As banking is now conducted, the owners of the banks receive annually of the people of the State not less than two millions of dollars in their paper money (and it might as well be pewter money) for which there is and can be nothing provided for its redemption on demand....

The mockery that went up from all that was held influential, respectable and stable when these resolutions were printed, was echoed far and wide. They were looked upon first as a joke, and then, when the Workingmen's Party began to reveal its earnestness and strength, as an insolent challenge to constituted authority, to wealth and superiority, and as a menace to society.

RADICALISM VERSUS RESPECTABILITY.

The "Courier and Enquirer," owned by Webb and Noah, in the pay of the United States Bank, burst out into savage invective. It held the Workingmen's Party up to opprobrium as an infidel crowd, hostile to the morals and the institutions of society, and to the rights of property. Nevertheless the Workingmen's Party proceeded with an enthusiastic, almost ecstatic, campaign and polled 6,000 votes, a very considerable number compared to the whole number of voters at the time.

By 1831, however, it had gone out of existence. The reason was that it allowed itself to be betrayed by the supineness, incompetence, and as some said, the treachery, of its leaders, who were content to accept from a Legislature controlled by the propertied interests various mollifying sops which slightly altered certain laws, but which in no great degree redounded to the benefit of the working class. For a few bits of counterfeit, this splendid proletarian uprising, glowing with energy, enthusiasm and hope, allowed itself to be snuffed out of existence.

What a tragedy was there! And how futile and tragic must inevitably be the fate of any similar movement which depends not upon itself, not upon its own intrinsic, collective strength and wisdom, but upon the say-so of leaders who come forward to assume leadership. Representing only their own timidity of thought and cowardice of action, they often end by betraying the cause placed confidingly in their charge.
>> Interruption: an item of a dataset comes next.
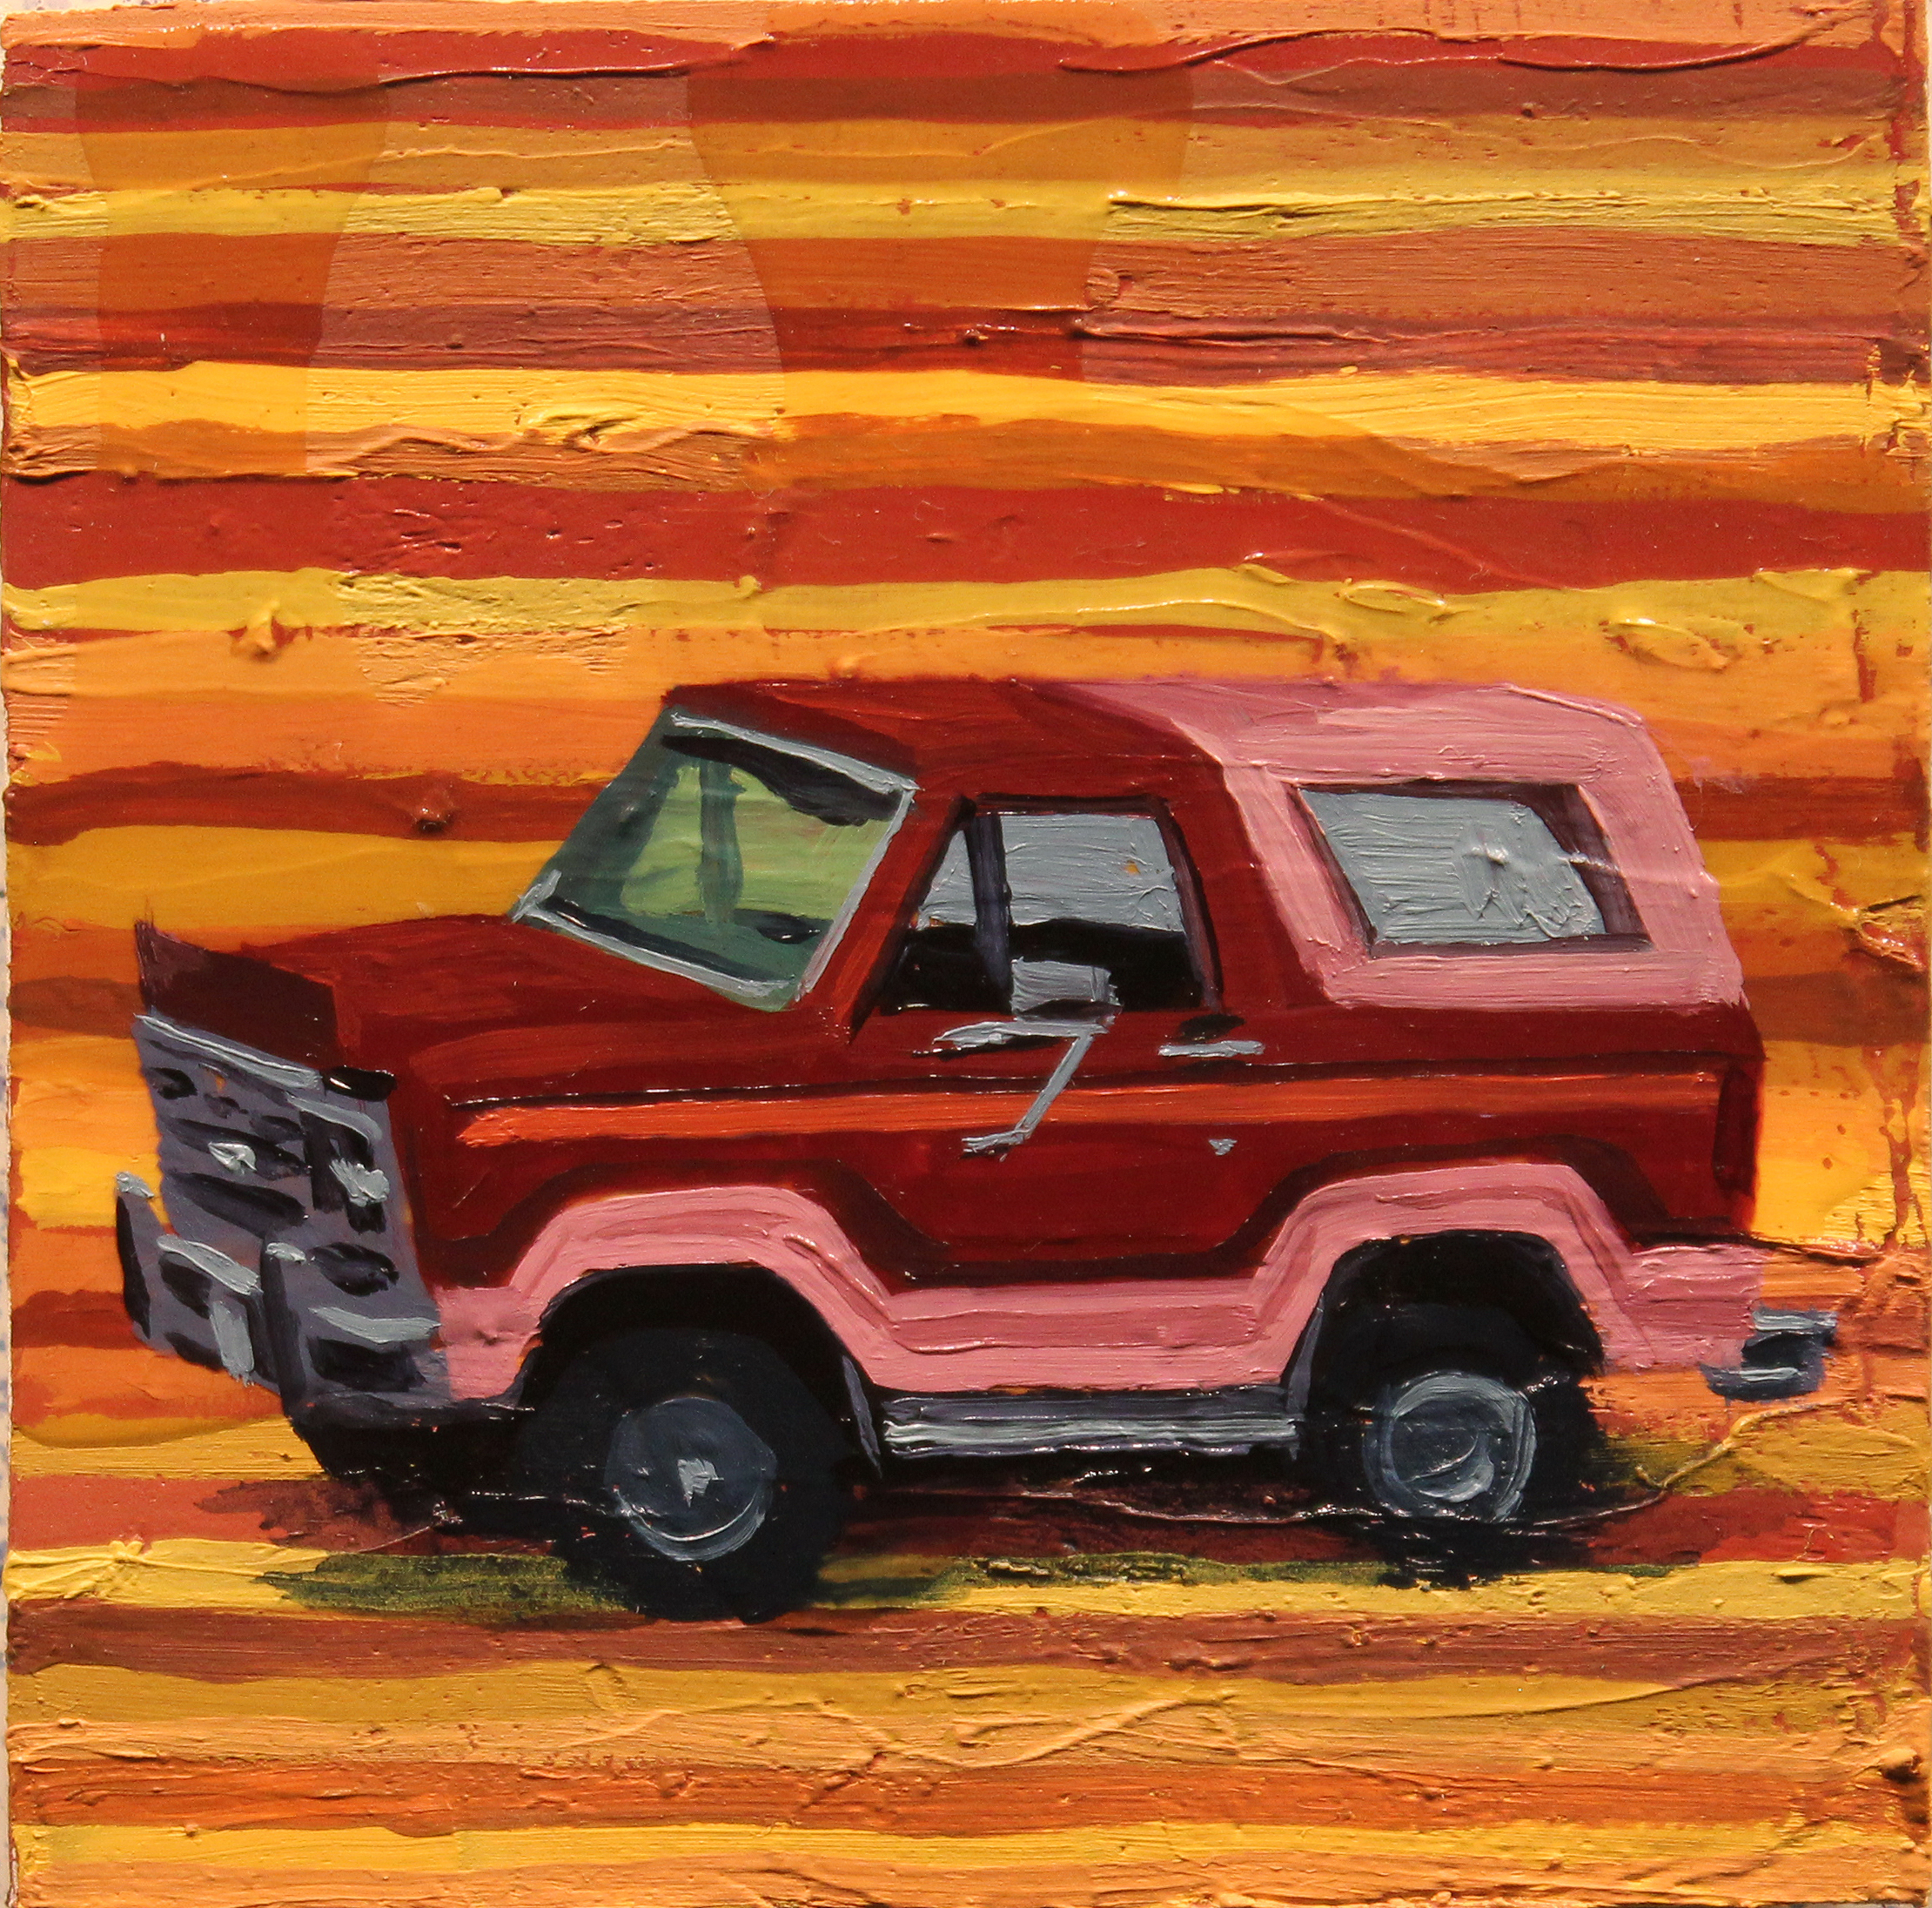 """El Bronco"", oil on wood, 4 x 4 inches, 2017"

That class which for these immemorial generations has done the world's work, and as long has been plundered and oppressed and betrayed, thus had occasion to learn anew the bitter lesson taught by the wreckage of the past, that it is from itself that the emancipation must come; that it is itself which must essentially think, act and strike; that its forces, long torn asunder and dispersed, must be marshalled in invulnerable compactness and iron discipline; and so that its hosts may not again be routed by strategy, no man or set of men should be entrusted with the irrevocable power of executing its decrees, for too often has the courage, boldness and strength of the many been shackled or destroyed by the compromising weakness of the leaders.

THE PANIC OF 1837.

Passing over the Equal Rights movement in 1834, which was a diluted revival of the Workingmen's Party, and which, also, was turned into sterility by the treachery of its leaders, we arrive at the panic of 1837, the time when Astor, profiting from misfortune on every side, vastly increased his wealth.
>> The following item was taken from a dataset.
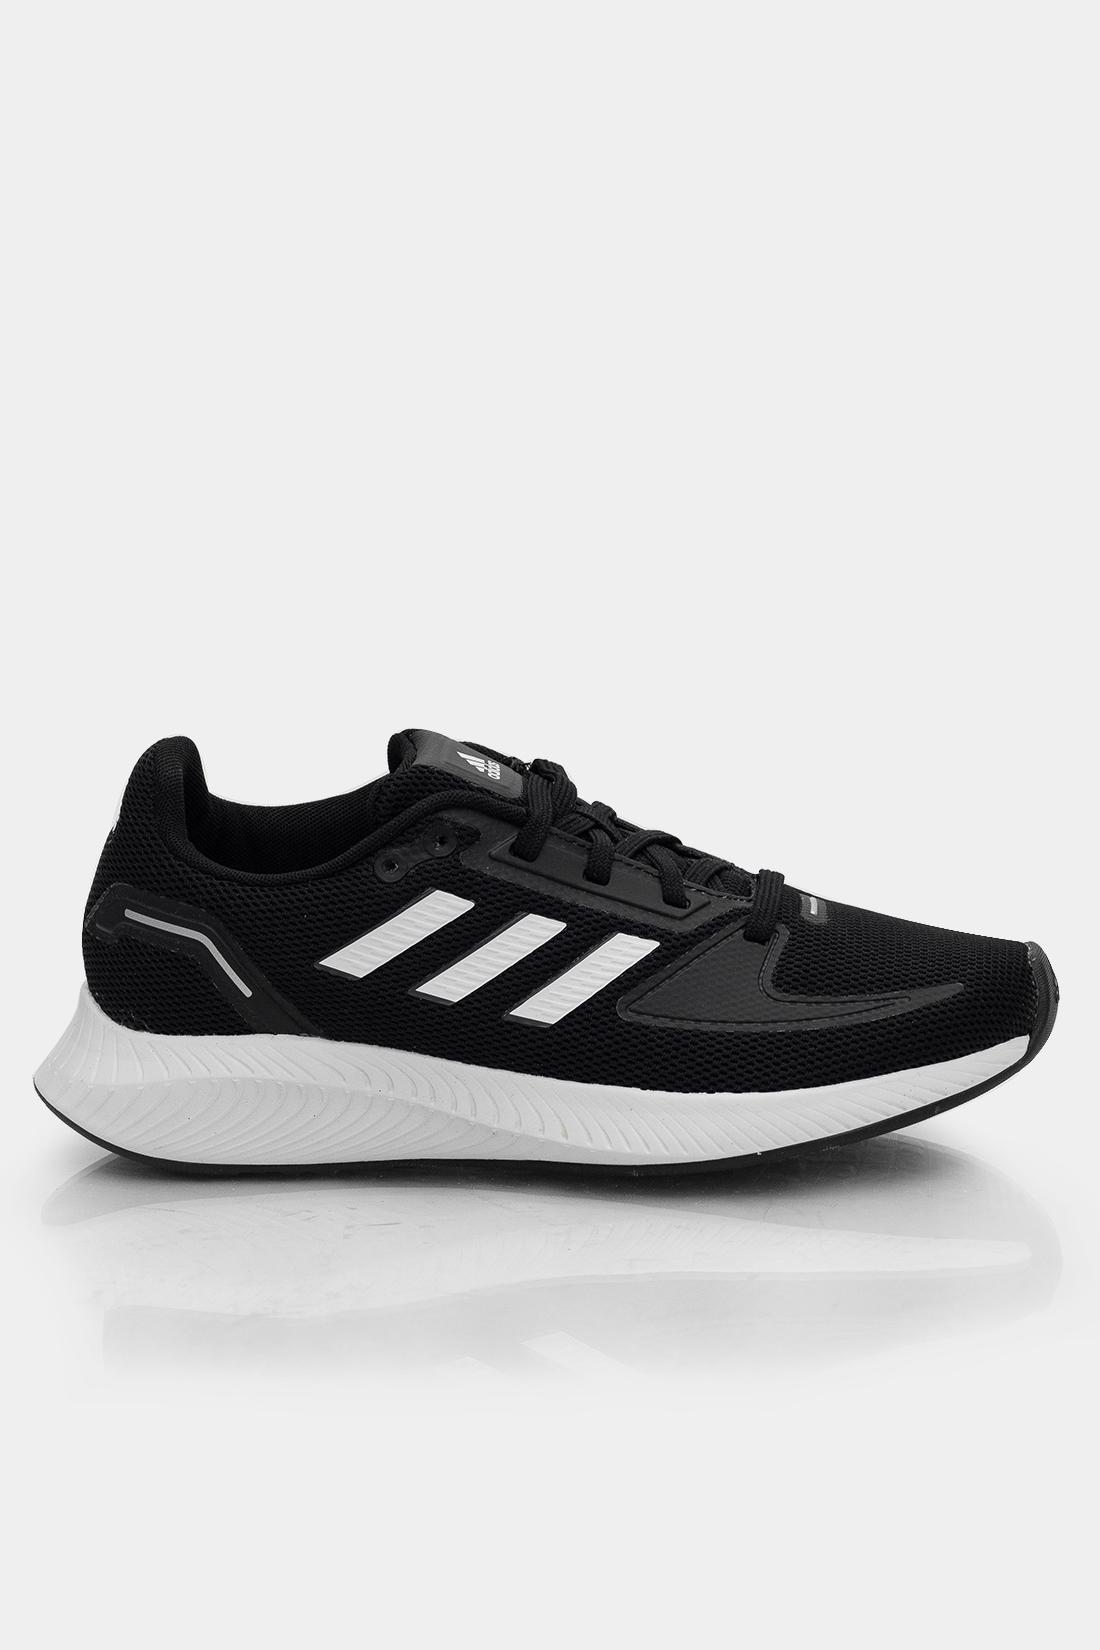 Tenis Running Adidas Runfalcon 2.0

The panic of 1837 was one of those periodic financial and industrial convulsions resulting from the chaos of capitalist administration. No sooner had it commenced, than the banks refused to pay out any money, other than their worthless notes. For thirty-three years they had not only enjoyed immense privileges, but they had used the powers of Government to insure themselves a monopoly of the business of manufacturing money. In 1804 the Legislature of New York State had passed an extraordinary law, called the restraining act. This prohibited, under severe penalties, all associations and individuals not only from issuing notes, but "from receiving deposits, making discounts or transacting any other business which incorporated banks may or do transact." Thus the law not only legitimatized the manufacture of worthless money, but guaranteed a few banks a monopoly of that manufacture. Another restraining act was passed in 1818. The banks were invested with the sovereign privilege of depreciating the currency at their discretion, and were authorized to levy an annual tax upon the country, nearly equivalent to the interest on $200,000,000 of deposits and circulation. On top of these acts, the Legislature passed various acts compelling the public authorities in New York City to deposit public money with the Manhattan Company. This company, although, as we have seen, expressly chartered to supply pure water to the city of New York, utterly failed to do so; at one stage the city tried to have its charter revoked on the ground of failure to carry out its chartered function, but the courts decided in the company's favor.[124]